Task details: Exactly as they appear, please output the lines from the one with "406 mm carbon wheels (Dahon)" through the end of the material, without pictures.
-------- Data block --------
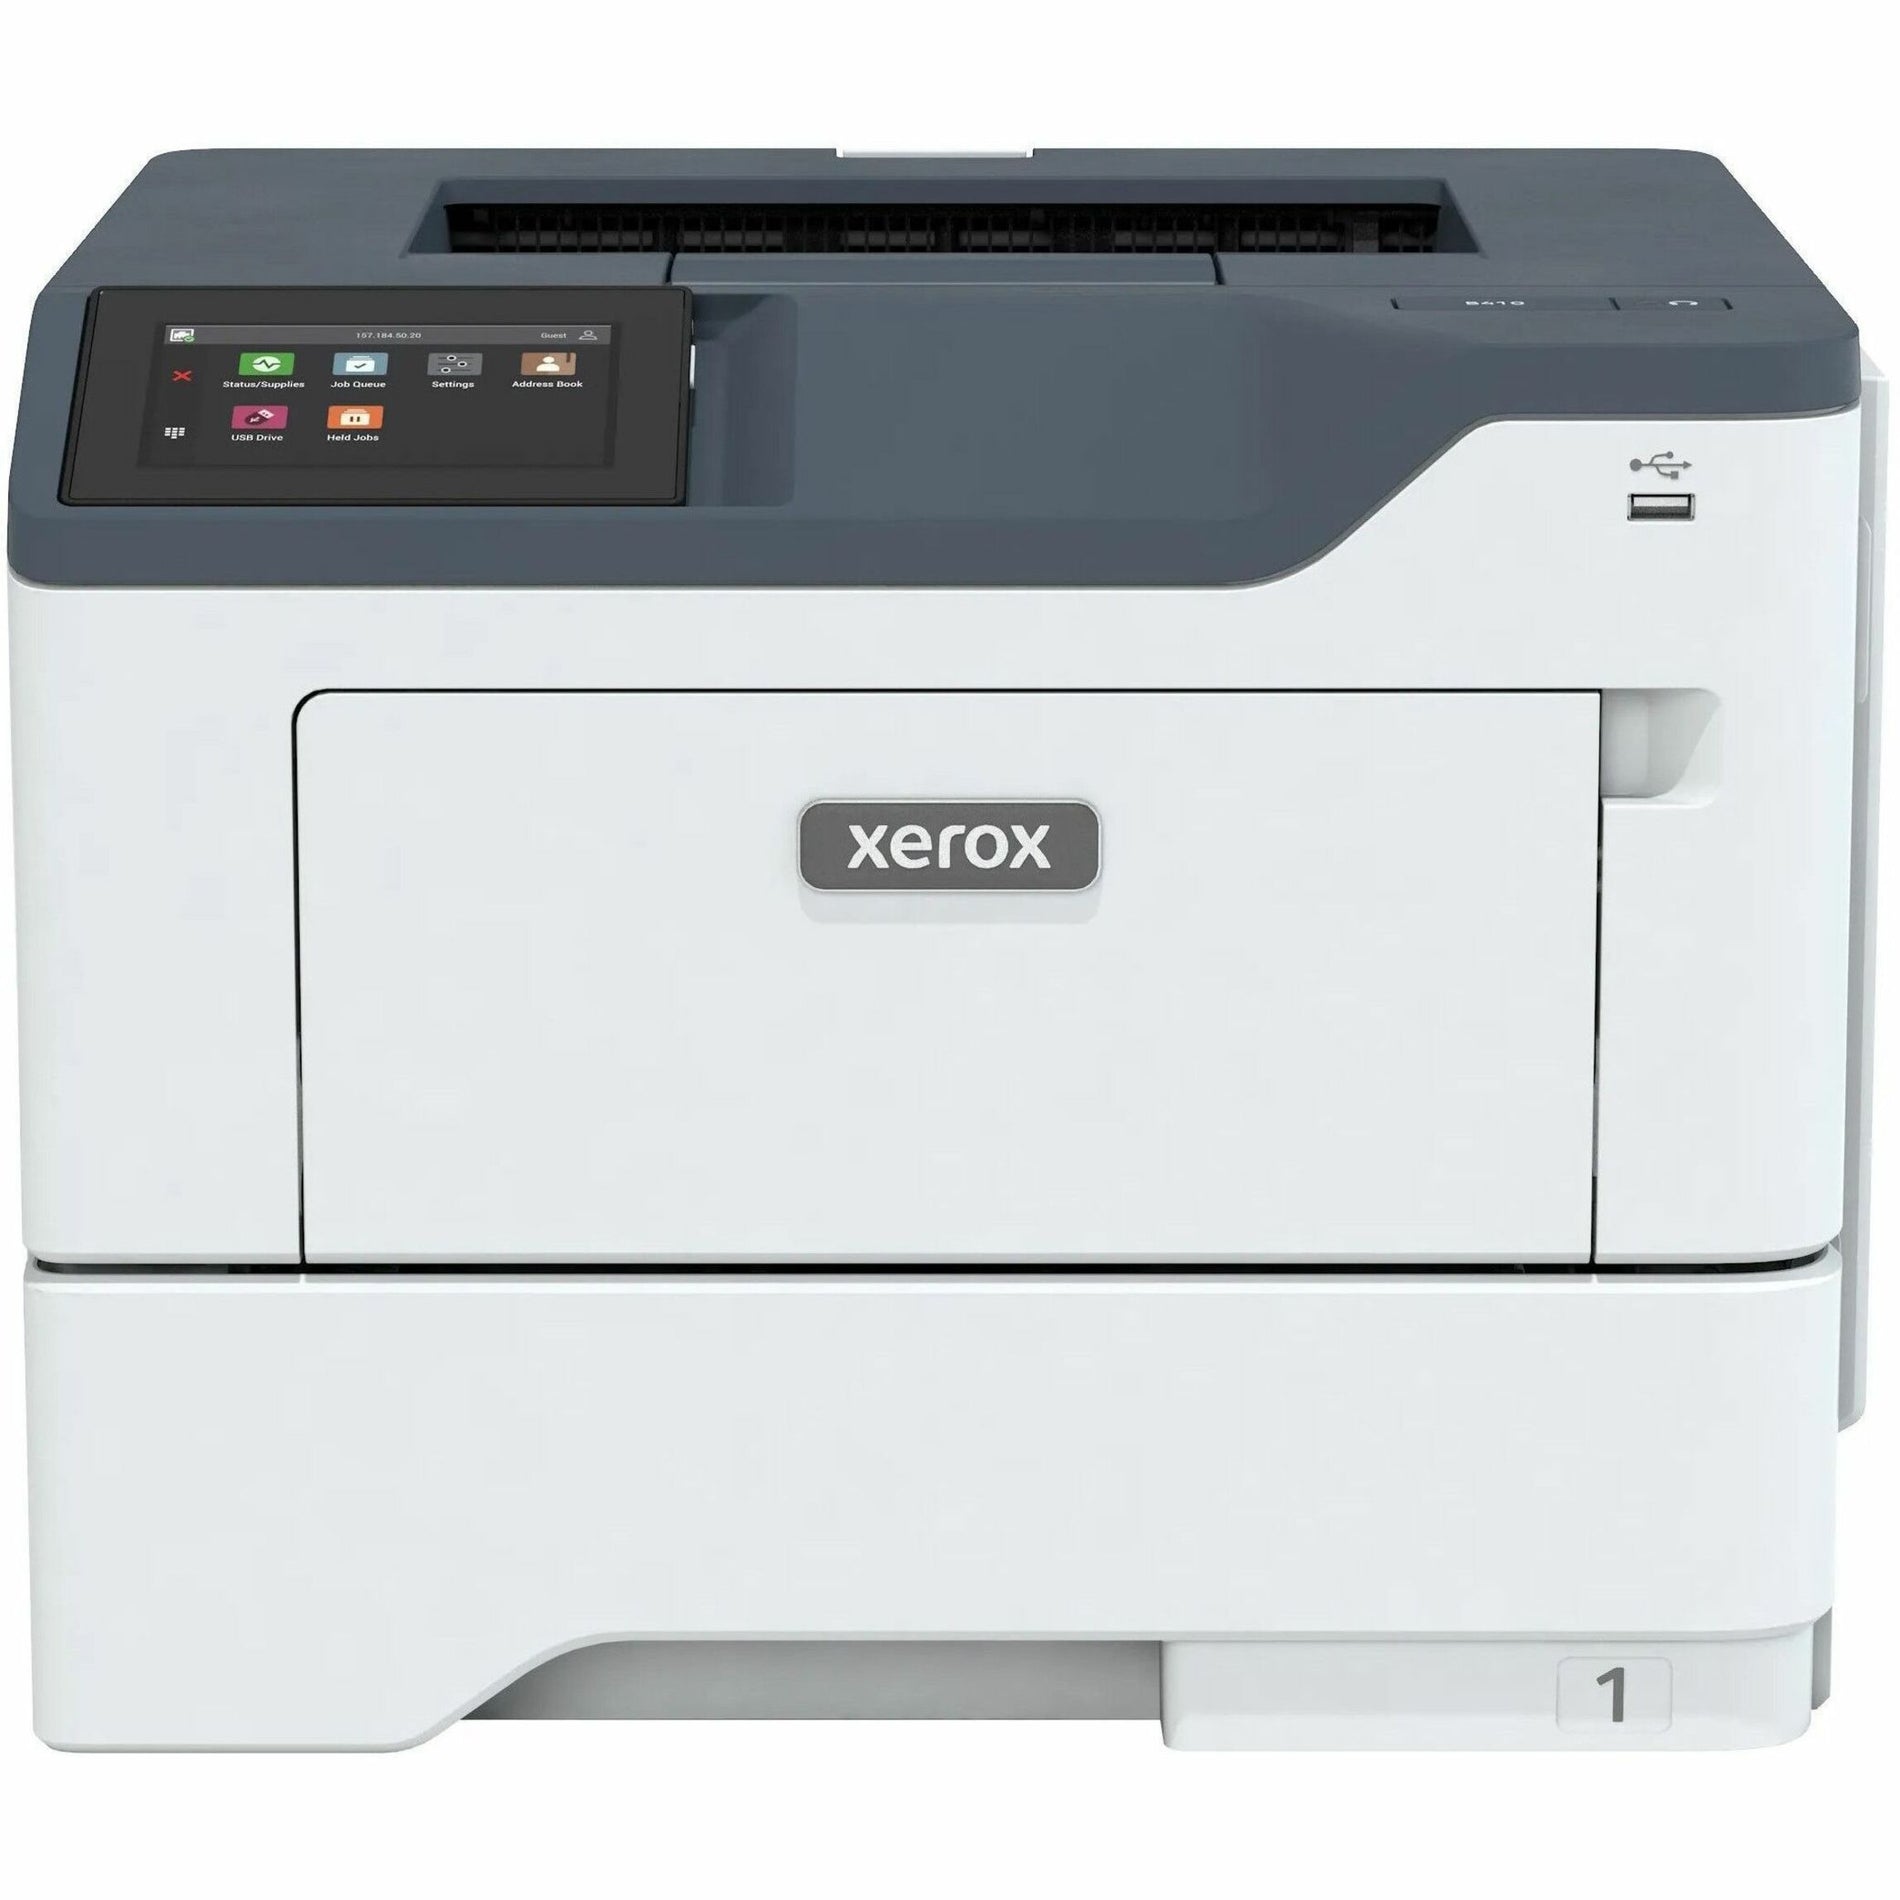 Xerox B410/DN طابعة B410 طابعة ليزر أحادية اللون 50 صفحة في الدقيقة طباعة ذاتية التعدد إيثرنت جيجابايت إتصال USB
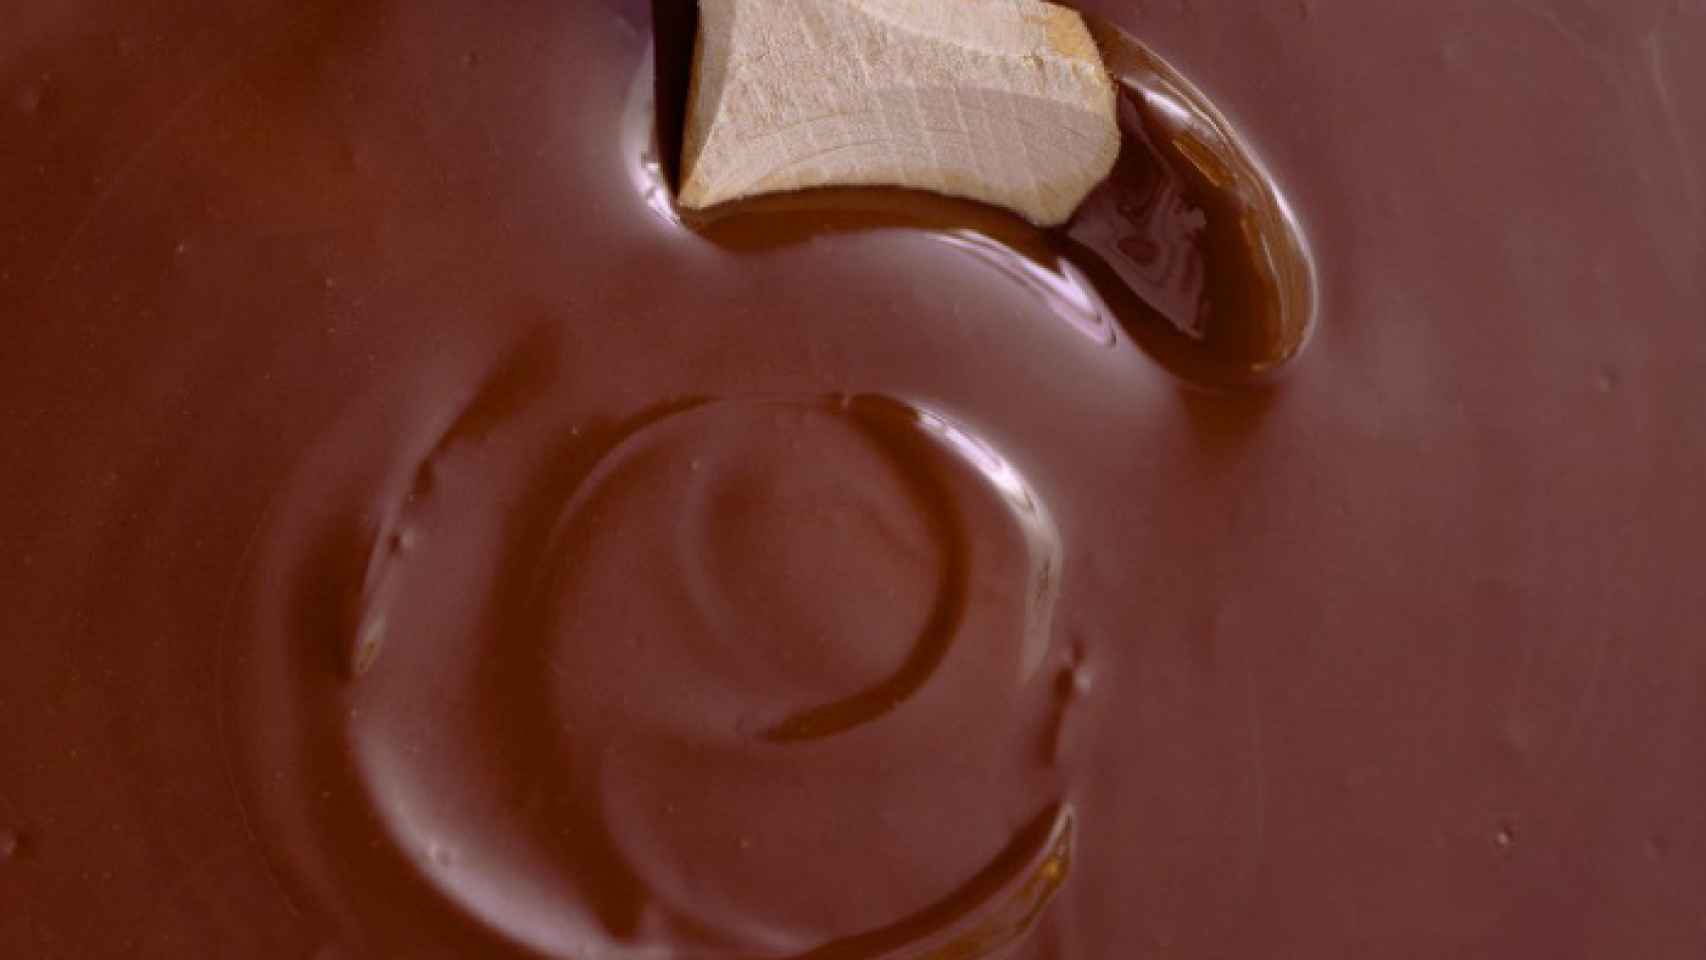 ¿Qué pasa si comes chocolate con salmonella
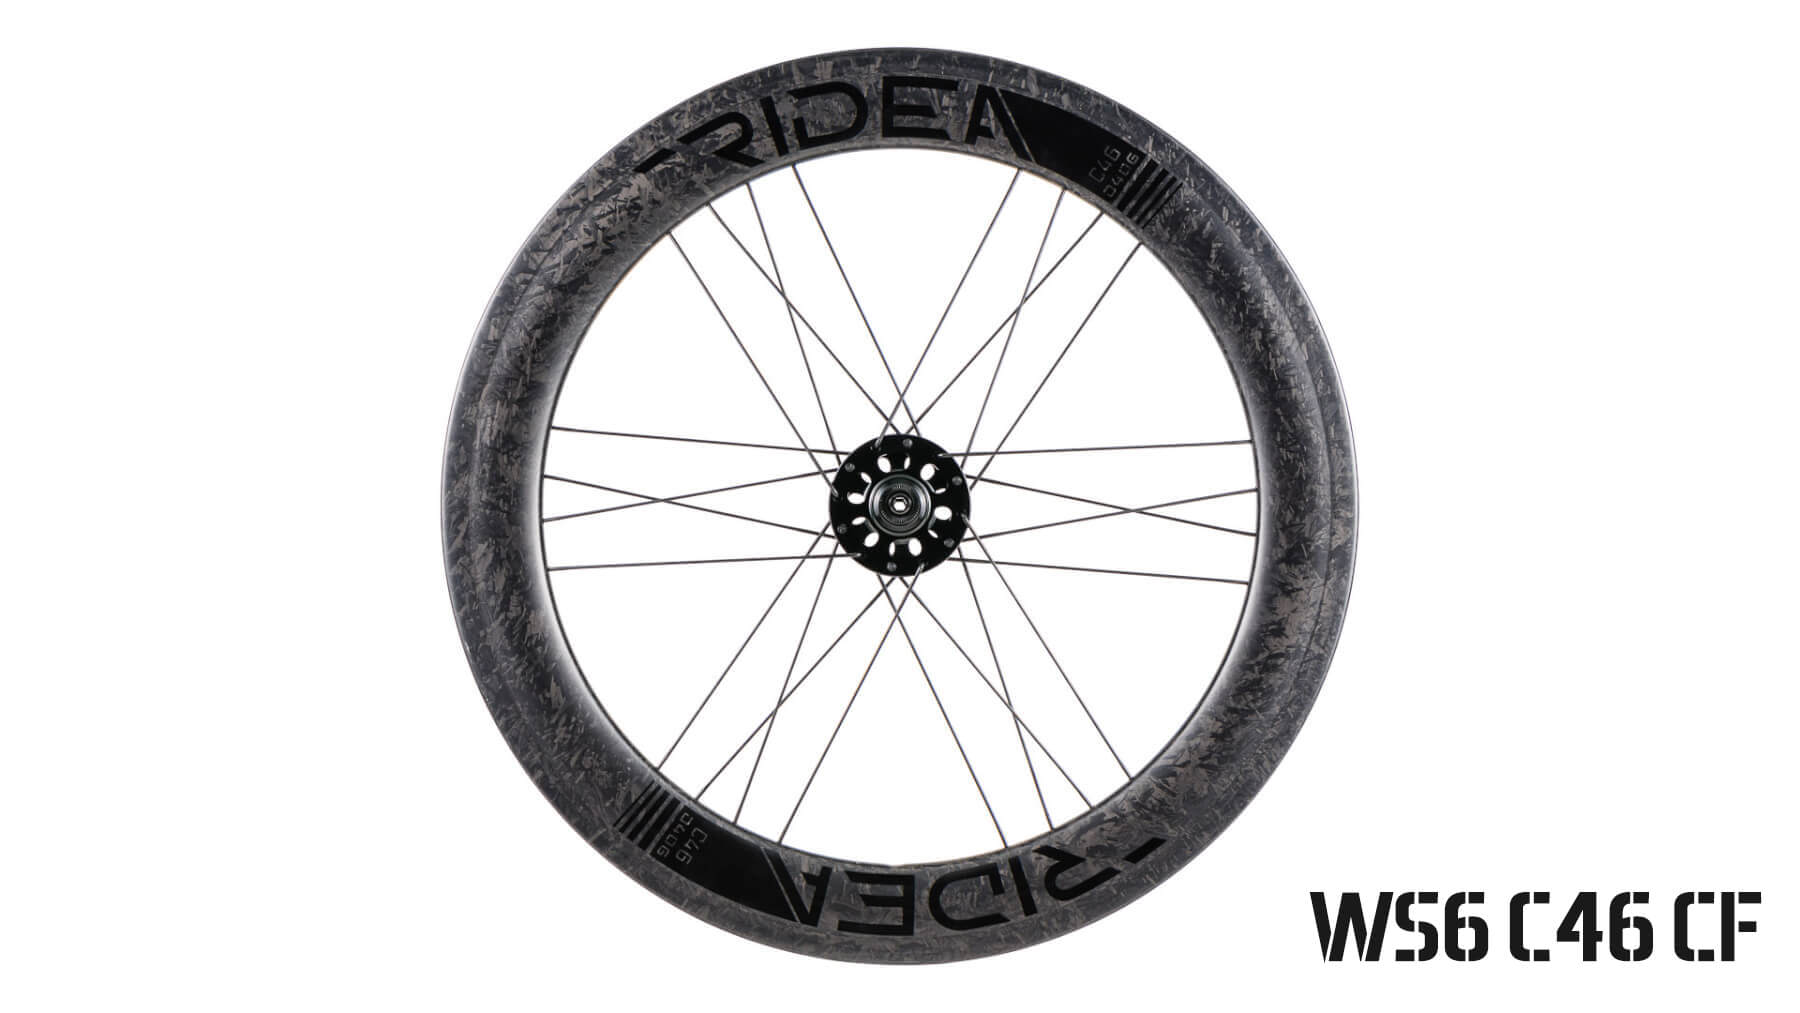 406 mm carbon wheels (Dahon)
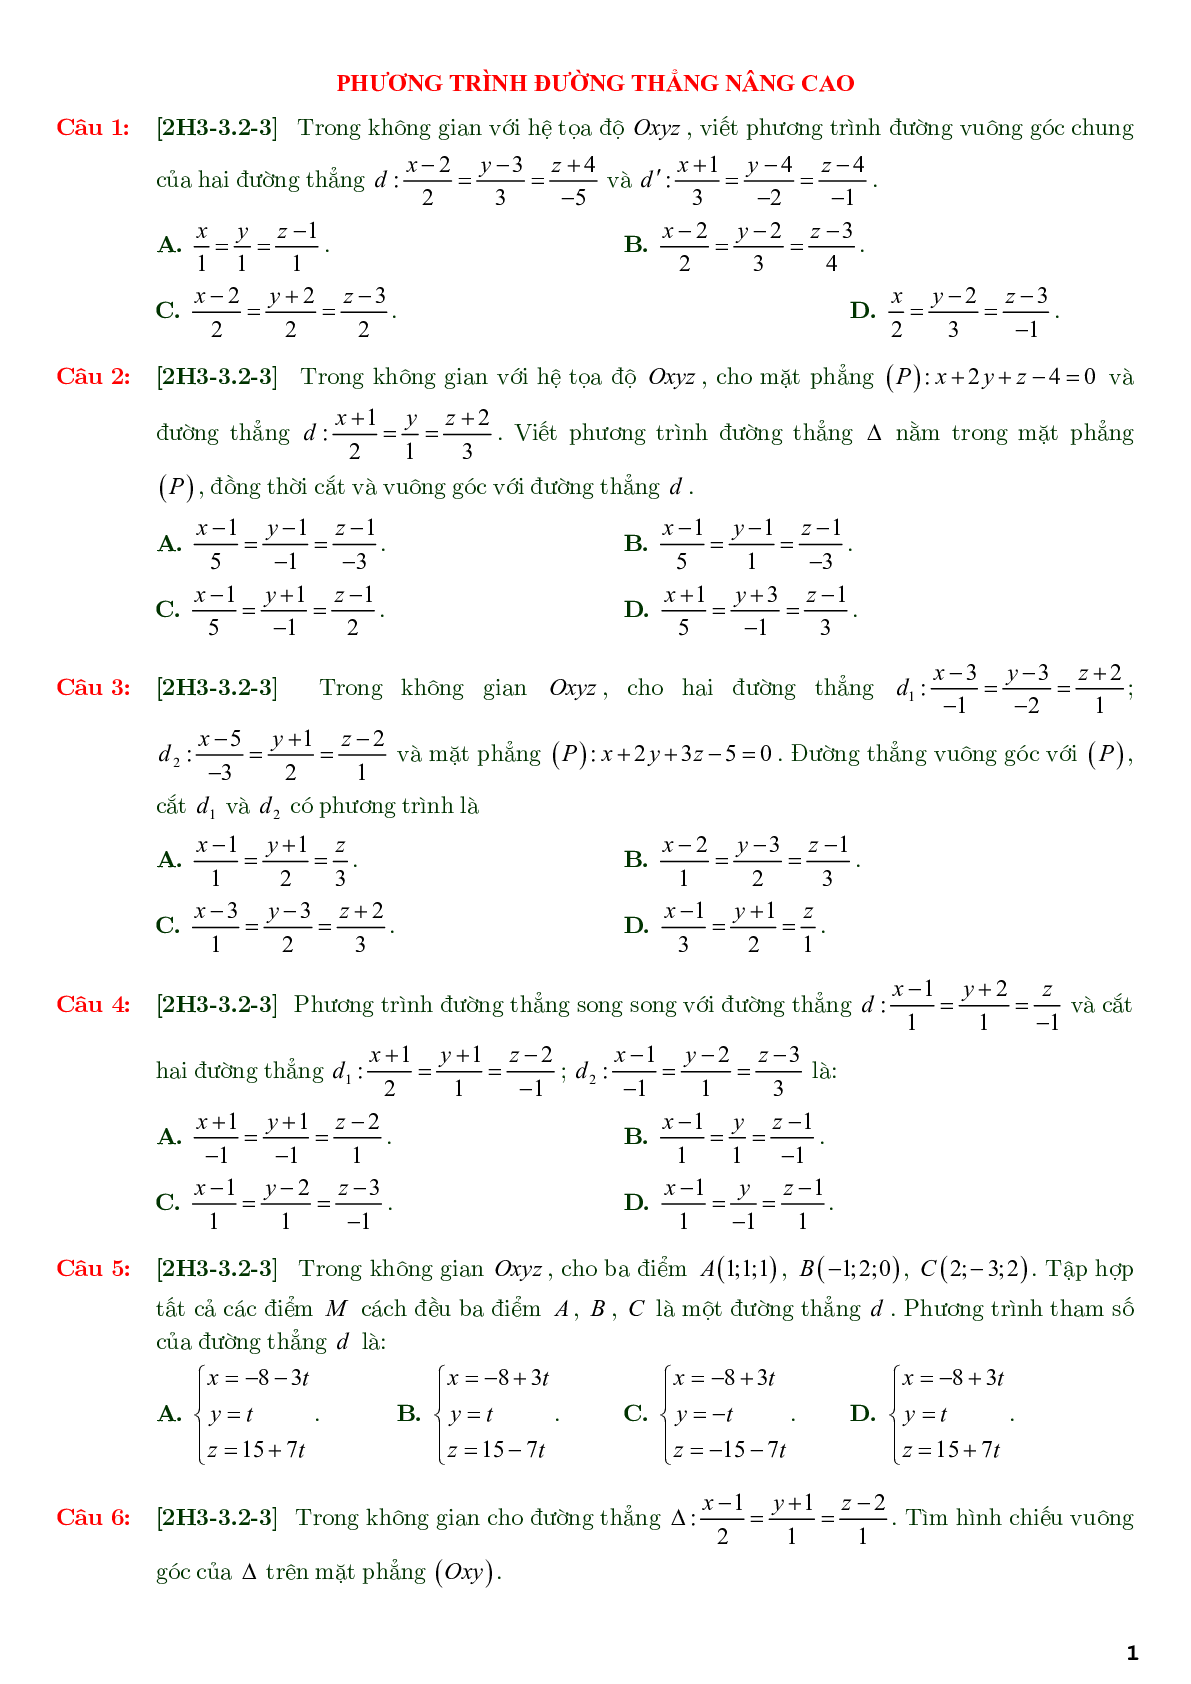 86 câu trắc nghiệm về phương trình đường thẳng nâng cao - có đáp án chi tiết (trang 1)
--------
Answer area:
 406 mm carbon wheels (Dahon)
 86 câu trắc nghiệm về phương trình đường thẳng nâng cao - có đáp án chi tiết (trang 1)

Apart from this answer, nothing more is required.